2 of 2 people found the following review helpful
not up to the quality I would expect 15 Nov 2014
By DrSergeant - Published on
Format: Hardcover
McWhorter creates a straw man argument of linguistic relativism in order to attack... the strawman arguments created by linguistic relativists... Unfortunately, because of this his arguments are facile and superficial, and he doesn't actually address the science behind the theories, he simply attacks the public conception of the theories. Honestly, I would have given three or four stars were it not for the fact that this book is by an ACADEMIC PRESS (so, honestly, I am more disappointed with Oxford University Press for publishing this than I am with McWhorter for writing it). Lack of evidence and footnotes means that it would be a great New Yorker article, or piece of journalistic writing, but as a book by a Ph.D. published by such a prestigious press, I definitely expected more.
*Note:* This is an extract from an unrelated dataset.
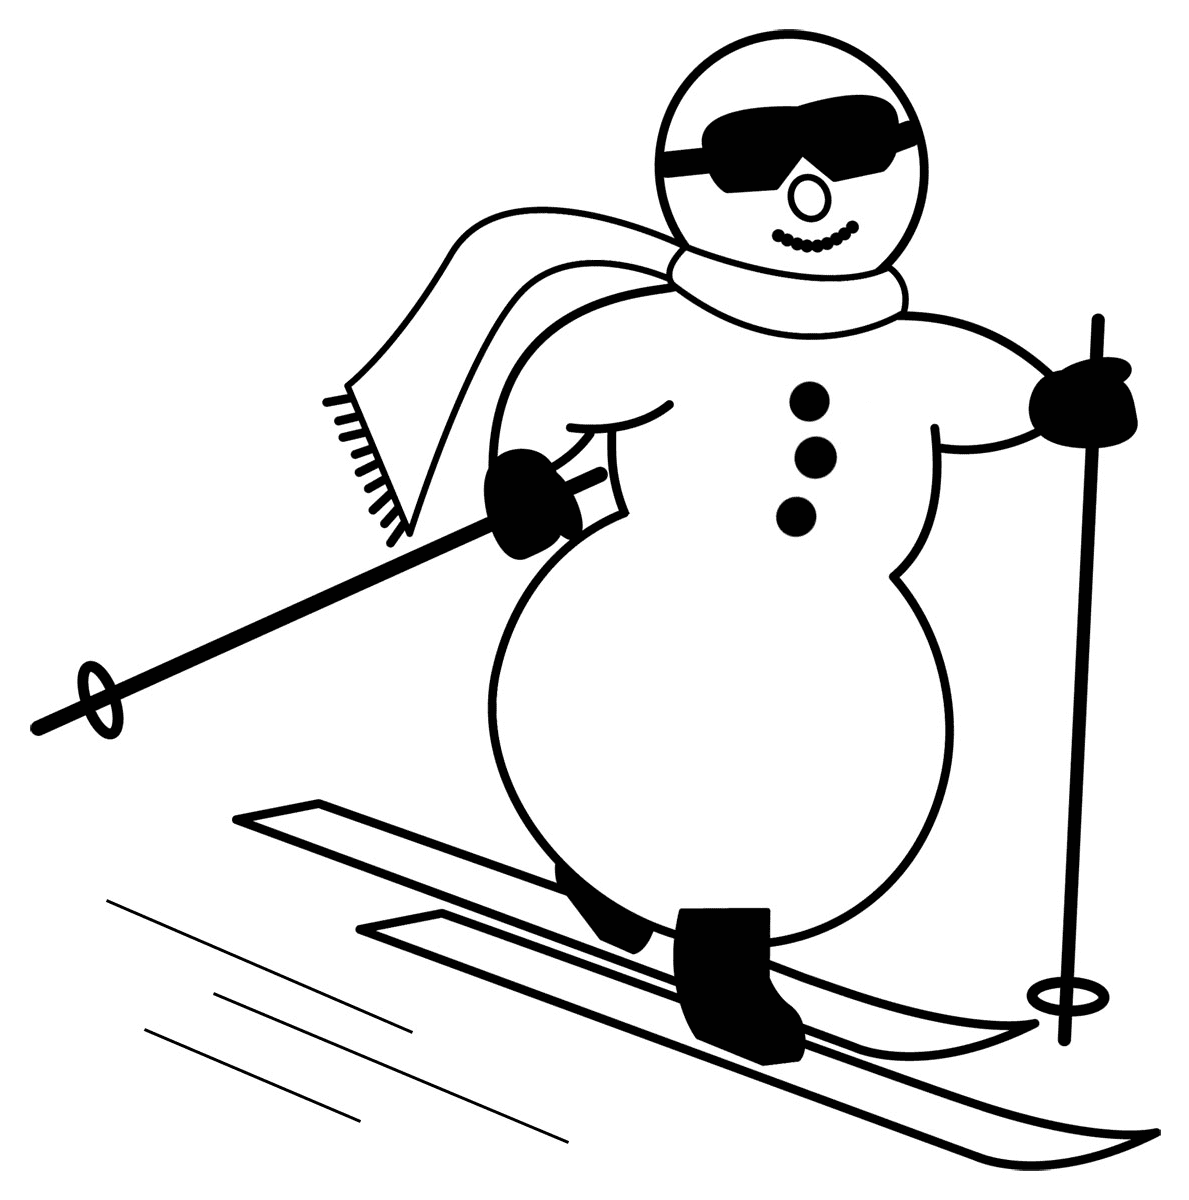 Snowman Skiing Clipart Black and White

6 of 8 people found the following review helpful
It's about time. 6 Jun 2014
By David Baca - Published on
Format: Hardcover Verified Purchase
I've been a fan of John H. McWhorter ever since he penned"Babel." He has a knack of making the often mind -boggling science of linguistics and the complexity of language not only accessible and comprehensible but also entertaining and delightfully educational.

For years I've been waiting for someone with the savvy and wit of Socrates to take to task the language shapes thought crowd. McWhorter refutes the stale tale that the languages humans speak are relative to the culture in which they are expressed. In the Language Hoax McWhorter refutes Whorfian "truths" with knock-down arguments page after page from start to finish.

The onus is on the Whorfians to prove that linguistic relativism is a tenable position to take.
7 of 10 people found the following review helpful
Not Sapir Whorf, exactly. 8 May 2014
By John E. Clifford - Published on
Format: Kindle Edition Verified Purchase
Read Through the Language Glass first to get a sense of what McWhorter is putting down. Otherwise you may think this is about the Sapir-Whorf Hypothesis in all its glory. In the end, McWhorter gives a fairly good account of the political factors which may have created the hypothesis and also led to the current diminished form. But all that says nothing about the truth of the full form -- which is, by the way, not discussed or more than alluded to in either book.